Le confinement s’annonçait critique pour le marché de l’art. Il en fut tout autrement grâce aux initiatives digitales de ces derniers mois. Entretien avec Patrick Ganansia, fondateur du multi family office Herez.

Décideurs. Pouvez-vous nous parler de vos services en matière d’art ? 

Patrick Ganansia. À côté des placements financiers, immobiliers ou en Private Equity, nos clients consacrent fréquemment une proportion importante de leur patrimoine à leur passion, et le marché de l’art est souvent en première place. C’est à ce moment-là que nous intervenons : quelle quote-part est raisonnable ? Comment optimiser la détention, la fiscalité, l’acquisition, la transmission, les questions de stockage ou encore d’assurance ou d’expertise ? Nous mettons également à leur disposition notre carnet d’adresses. Adrien de Felcourt, conseiller en gestion de patrimoine, intervient particulièrement sur cette thématique. Nous n’intervenons pas sur le choix des acquisitions, nos autres services sont très personnalisés sur la partie art ; nous ne faisons que du sur mesure, pour une clientèle souvent en Family Office.

Existe-t-il un profil type de client ?

La clientèle amoureuse de l’art n’a pas d’âge et les budgets sont variés. Ce sont des passionnés qui peuvent investir sur différents supports : peinture, sculpture, photographie, voitures, montres, vins… même s’il est vrai que certaines catégories ne sont accessibles qu’à des budgets élevés. Dans la plupart des cas, ils ne recherchent pas à générer de la plus-value mais à se faire plaisir avec des actifs réels dont ils peuvent profiter tous les jours.

Quels sont les inconvénients de cet actif ?
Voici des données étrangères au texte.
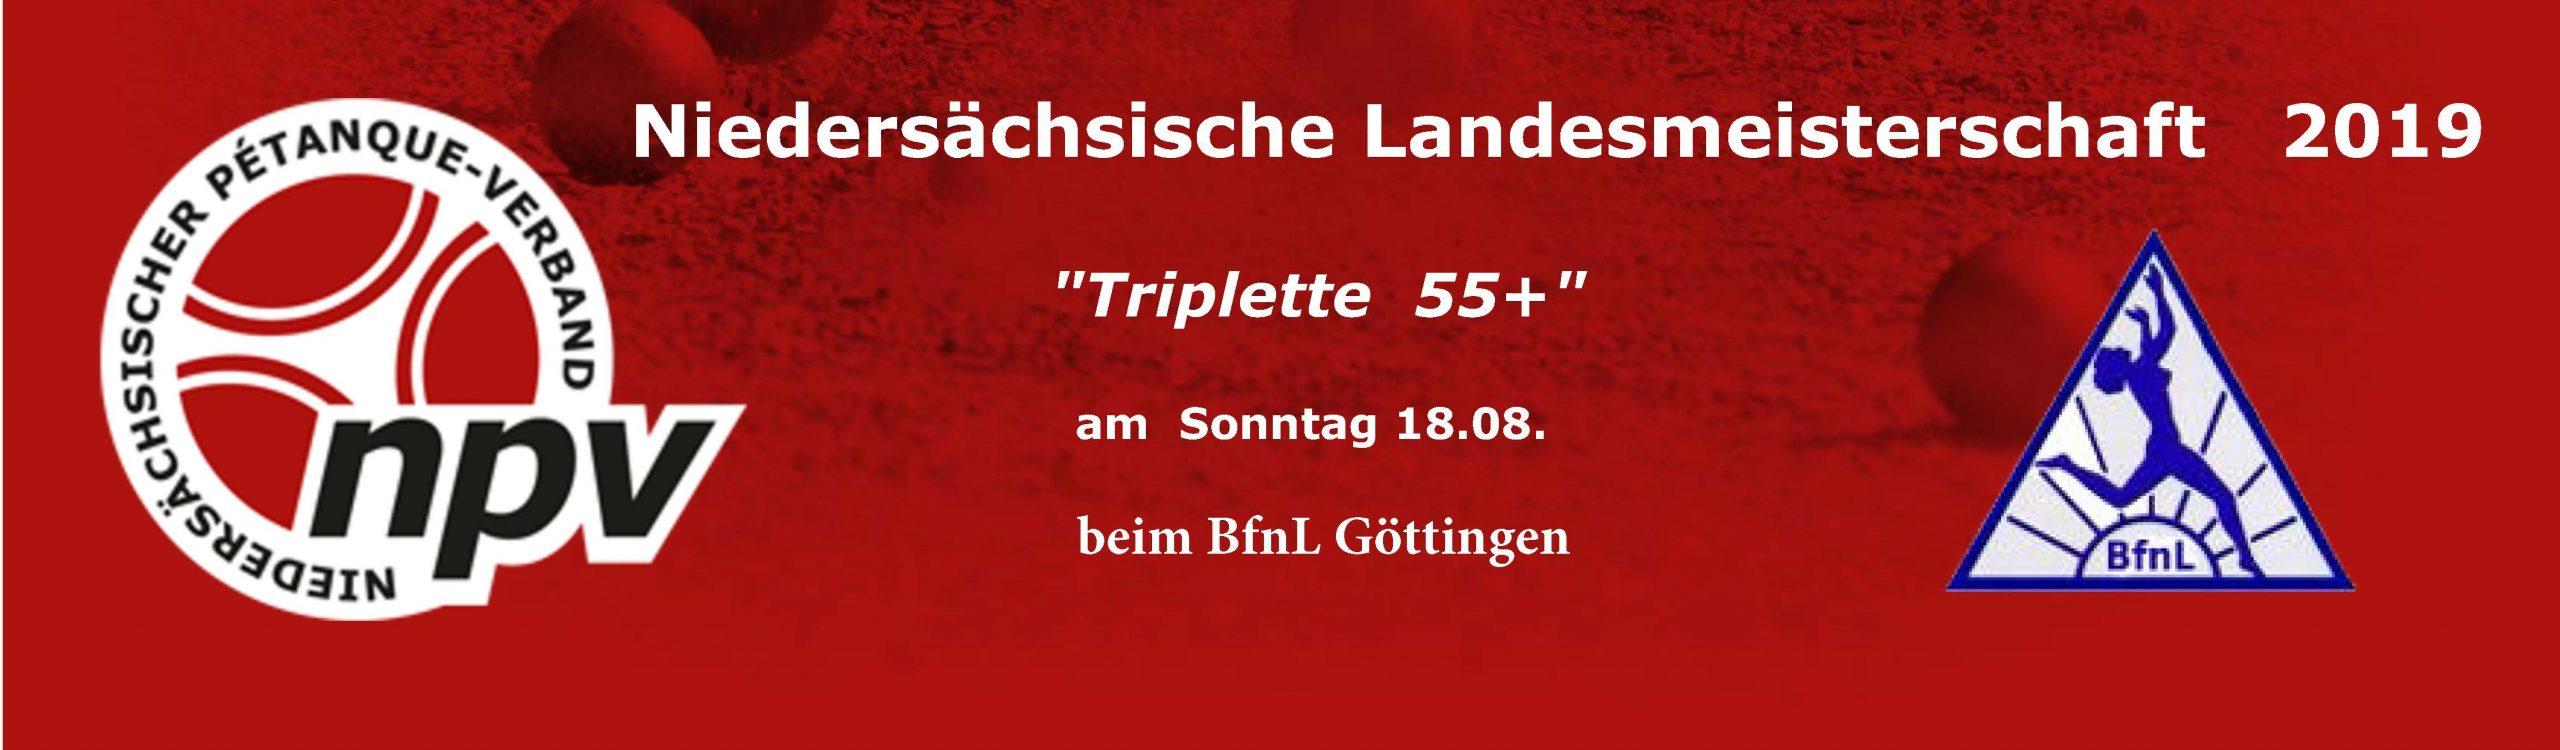 LM Triplette 55+

La gestion est particulière : comment protéger la valeur d’un actif unique en son genre, qui procure à celui qui le détient un plaisir d’une autre dimension que celle d’un actif immobilier ou d’actions d’entreprises ? Il existe des contraintes de transport, d’assurance, de sécurité. Le marché est de plus divisé en segments fonctionnant à un rythme différent. Tout le monde est bien sûr attentif au prix d’acquisition de l’œuvre mais il ne faut pas oublier que, comme dans le marché du luxe, le haut de gamme est souvent plus prudent que les œuvres à petits prix. Il faut en parallèle tenter d’éviter les mouvements spéculatifs ou de mode. L’autre grand risque sur ce marché est celui des faux. Fournir la garantie de la traçabilité des œuvres dans les ventes de gré à gré est compliqué, les maisons de ventes aux enchères ou les galeries sont en général beaucoup plus sécurisantes.

"Le marché de l’art suit le schéma du luxe"

La crise actuelle a-t-elle eu une incidence sur ce marché ? 

Comme dans beaucoup de secteurs, la pandémie et les confinements ont accéléré la bascule digitale. Les collectionneurs se sont encore plus habitués à l’achat à distance. Le marché de l’art suit le schéma du luxe ; le haut de gamme est très recherché et les grandes signatures dans le luxe comme dans l’art restent très prisées. À l’inverse, les plus petites galeries ou les artistes plus jeunes, moins connus, souffrent beaucoup car le faible ticket d’entrée n’est pas sécurisant pour l’acheteur, surtout en cette période troublée.

Et s’agissant des maisons de ventes aux enchères ?

Un triptyque de Francis Bacon qui se vend 85 millions de dollars en quelques minutes lors d’une vente Sotheby’s entièrement à distance montre bien que le marché est en pleine mutation. Acheter une œuvre d’art sans l’avoir vue va devenir monnaie courante. C’était déjà un peu le cas mais la crise l’accélère. Le monde de l’art bascule un peu plus dans le digital ; c’est une autre forme de voyage, avec des découvertes surprenantes. Bien sûr, il restera toujours la magie des rencontres avec les artistes, l’univers muséal, les galeries, les collectionneurs…

Herez continue son mécénat ?

Nous avons en effet poursuivi notre démarche de mécénat, de partage et de « donner du sens » à travers le monde de l’art. En 2019, nous avons soutenu le street-artiste Seth Globepainter – en collaboration avec la galerie Itinerrance – qui a peint un mur incroyable sur le Boulevard Vincent Auriol à Paris, ainsi que la photographe Marie Benattar dans le cadre de notre Carte blanche. En cette fin d’année 2020, nous soutenons un projet photographique de Frédéric Blanc au profit de l’Hôpital Saint Joseph à Paris. Nous avons tous besoin de donner du sens à notre quotidien, à notre patrimoine et privilégier le partage au sens noble du terme, particulièrement en ce moment.